(Reuters Health) - While the number of Americans getting drug treatment for opioid addiction is on the rise, a new study suggests that gains may be concentrated among white patients and people who can pay cash or have private health insurance.
Researchers examined nationwide survey data on clinic visits for opioid addiction from 2004 to 2015. Their analysis focused on patients receiving prescriptions for buprenorphine, one of three drugs typically used to treat patients with opioid use disorder.
During the decade-long study period, the proportion of visits when patients got buprenorphine prescriptions rose from 0.04 to 0.36 percent, representing 13.4 million visits from 2012 to 2015, researchers report in JAMA Psychiatry.
Over this period, the proportion of patients who were “self-pay,” meaning they had no insurance for the visits, surged - accounting for more than one-third of patients during the final four years of the study.
After accounting for insurance status and other factors that can impact access to drug addiction treatment, black patients were 77 percent less like to receive buprenorphine prescriptions than white people.
Some of this disparity may be due to buprenorphine being prescribed more often at primary care clinics in more affluent communities with more white and insured residents, said lead study author Dr. Pooja Lagisetty of the University of Michigan School of Medicine in Ann Arbor.
Buprenorphine can lead to breathing problems and other side effects, but it has fewer side effects than methadone, an alternative that is more often available in low-income communities. Buprenorphine has a lower risk of abuse and addiction than methadone, previous studies have found.
And, buprenorphine “can be prescribed in a regular clinic with options for refills,” Lagisetty said by email. “This helps patients be treated in a non-stigmatized environment.”
While the study wasn’t a controlled experiment designed to determine whether or how specific factors might cause racial disparities in addiction treatment, “there may be a component of stigma around the medication that could be different in various racial/ethnic communities,” Lagisetty said.
It’s unclear from the study whether differences in treatment reflect differences in the proportion of white versus black Americans who are suffering from opioid addiction. But some previous research suggests that the prevalence of opioid misuse is similar for both black and white adults, impacting up to about one in 20 people, the study team writes.
“In standard doctors’ offices, when buprenorphine is offered, it’s more often to whites than blacks,” Dr.
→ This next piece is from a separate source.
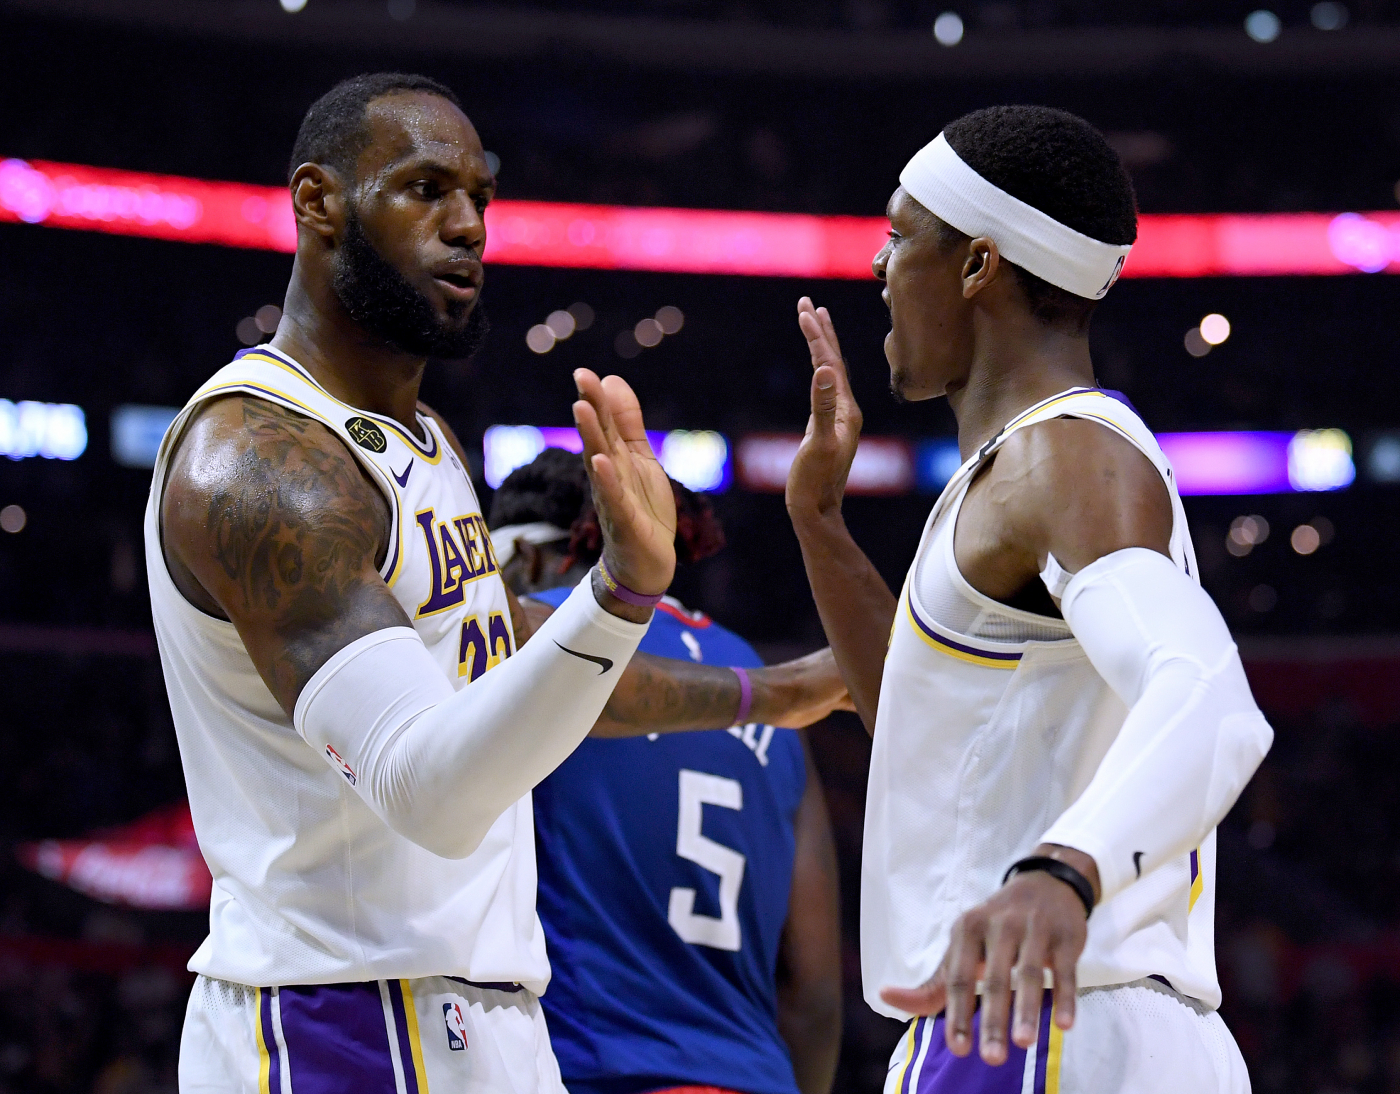 Rajon Rondo wants you to pay attention to LeBron James, not the needless  distraction he created

Stefan Kertesz of the University of Alabama at Birmingham School of Medicine and Birmingham Veterans Affairs Medical Center told Reuters Health by email.
“The results could suggest that the kind of whites who have opioid addiction are just a bit more likely to turn up with that problem in a doctor’s office, while blacks might be a bit less likely to use standard doctor’s offices for that problem,” said Kertesz, who has studied drug policy and opioids but wasn’t involved in the study.
“Blacks with opioid problems have been more concentrated in cities, are often somewhat older, and have been making more use of specialized addiction treatment programs in urban centers,” Kertesz added. “In specialty addiction treatment settings, blacks are actually more likely to receive medication than whites in those same centers.”